3.5. Co-Integration Test

The next step is to investigate the long-run co-integration among selected variables using the integrated data. Given that each variable is integrated at the difference, the co-integration tests by Padroni and Kao [69] are more appropriate. Moreover, Pedroni’s co-integration analysis allows more than one explanatory variable, so it is an appropriate technique for the present study. The general form of the specified test is given as Equation (4),

$$LNGH{G}_{it}={\alpha }_{it}+{\delta }_{it}+{\beta }_{1}LNGD{P}_{it}+{\beta }_{2}LNI{T}_{it}+{\beta }_{3}LNNR{E}_{it}+{\beta }_{4}LNR{E}_{it}+{\beta }_5\beta LNU{P}_{it}+{\mu }_{it}$$

$${\mu }_{it}=p_i{\mu }_{it}-{\mu }_{it}$$

(4)

whereas, i = 1, …, N present the panel number, t = 1, …, T refers to time period. Similarly, ${\alpha }_{it}$ and ${\delta }_{it}$ allow the presence of country-specific and deterministic effects, respectively. ${\mu }_{it}$ represents the error term. Therefore, to test the hypothesis for no eco-integration, Pedroni has proposed panel and group tests. Within the dimension consists of four statistics, and between the dimensions includes three statistics [69].

3.6. Long-Run Estimates

With solid evidence of long-run co-integration, the next step is to test the long-run connection between the variables. Therefore, this study employed two estimation techniques: the Fully Modified Ordinary Least Squares (FMOLS) and Dynamic Ordinary Least Squares (DOLS). The FMOLS technique, initially developed by Pedroni [70], is residual-based and is more robust in cointegrated constructs. It is deemed reliable in estimation, especially in a relatively smaller sample size, and handles endogeneity and serial correlation issues in the variables very well [71]. On the other hand, DOLS, developed by [72], is argued to provide more reliable results than FMOLS and eliminate associated regressors’ correlations [73]. These econometric techniques are helpful when the panel data have endogeneity problems and autocorrelation between the variable and the error term.
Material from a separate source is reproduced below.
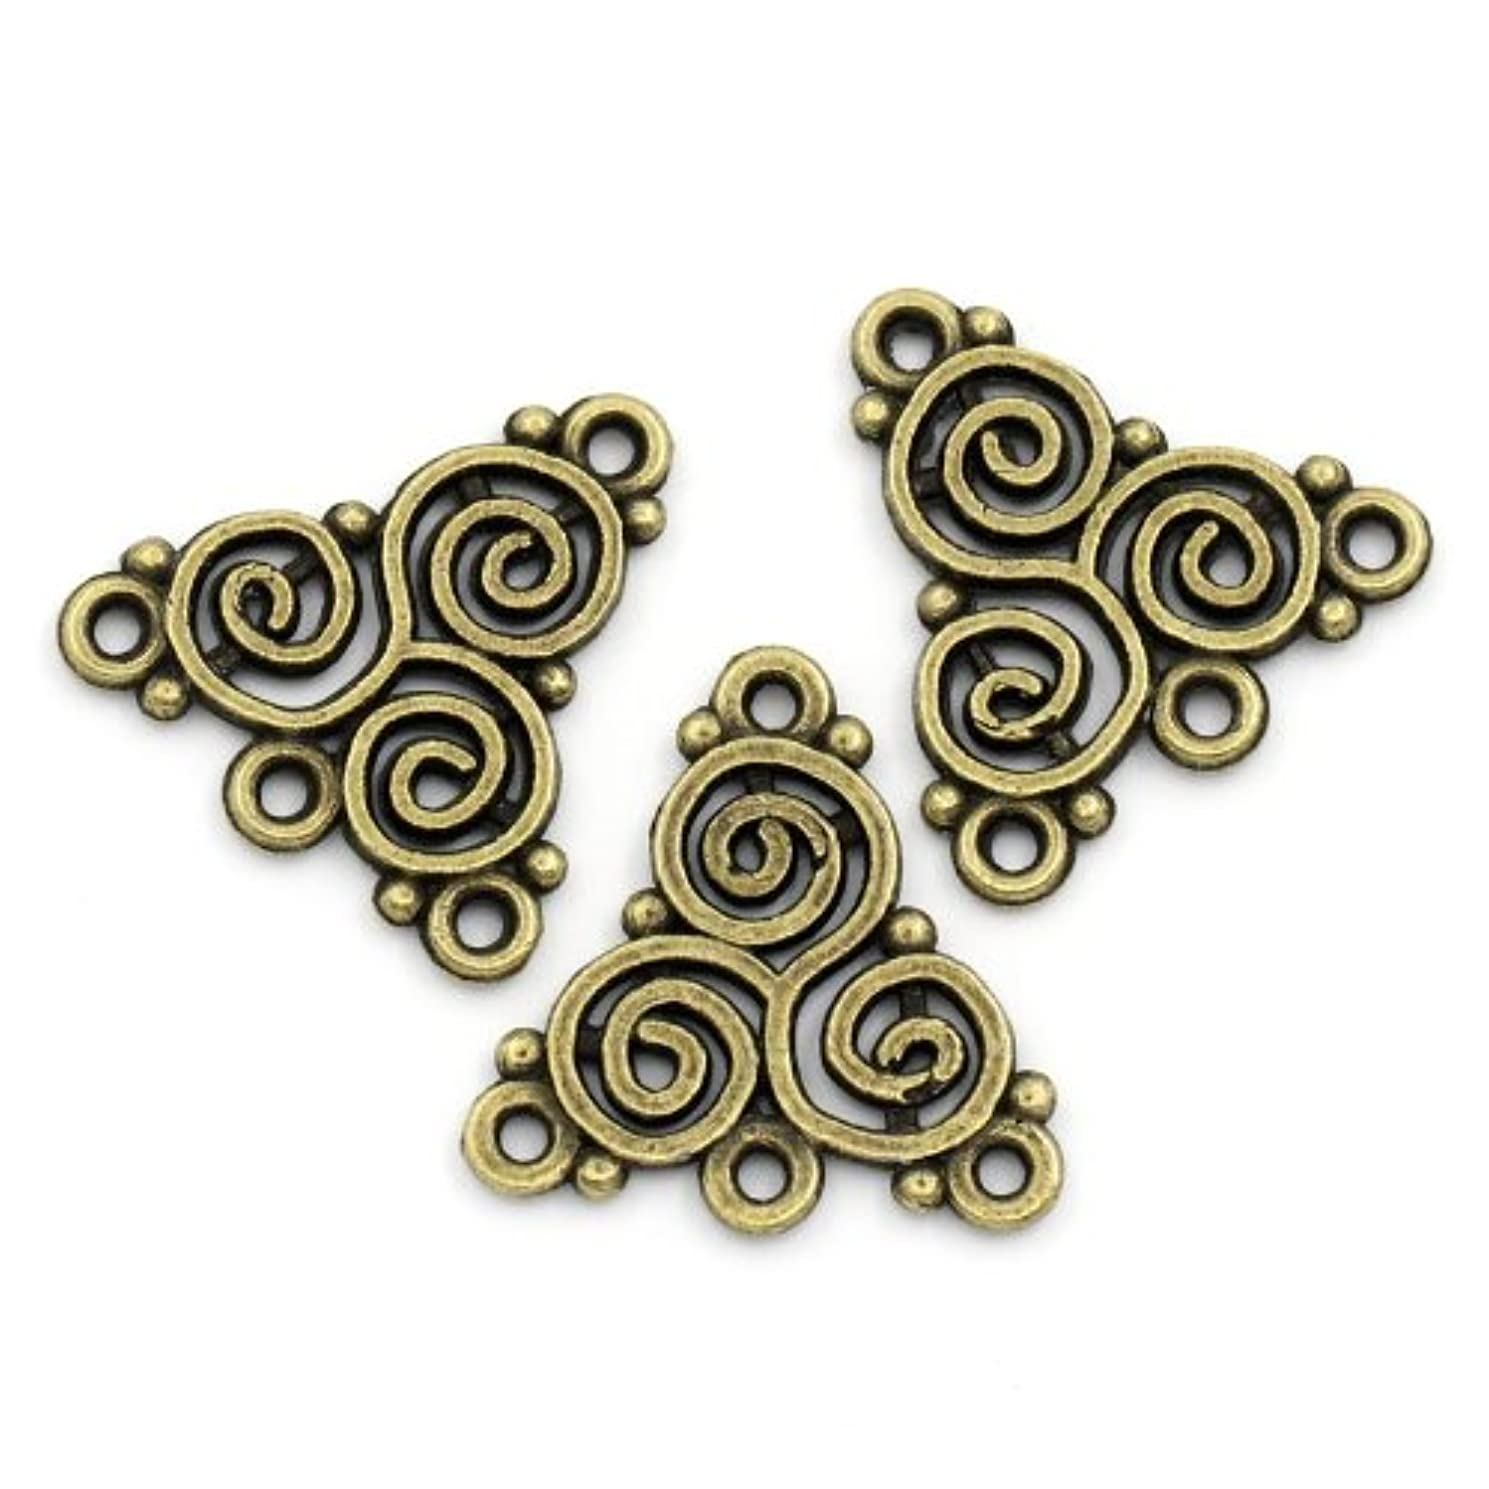 PEPPERLONELY Brand 50 PC Antique Bronze Celtic Triskelion Knot Spiral Pattern Connectors 6/8 x 6/8 Inch ( 20MM x 19.5MM )

Therefore, the present research has employed the panel FMOLS & DOLS tests, and their general forms are shown in Equations (5) and (6) as follows

$$\beta FMOLS={\left[\frac{1}{N}{\displaystyle \sum }_{i=1}^N{\left({\displaystyle \sum }_{t=1}^T\left(A_{it}-bar A_i\right)\right)}^2\right]}^{-1}\times {\displaystyle \sum }_{t-1}^T{\left(A_{it}-bar A_i\right)}^{2}bar{Y}_{it}-Tbar{\Delta }_{e\mu }$$

(5)

$$\beta DOLS={\left[\frac{1}{N}{\displaystyle \sum }_{i=1}^N{\left({\displaystyle \sum }_{t=1}^T\left(A_{it}{A^{\prime }}_{it}\right)\right)}^2\right]}^{-1}{\displaystyle \sum }_{i=1}^N\left({\displaystyle \sum }_{t-1}^T{\left(A_{it}{Y}_{it}\right)}^{}\right)$$

(6)

where Y is the dependent variable, and A represents the independent variables in the proposed model.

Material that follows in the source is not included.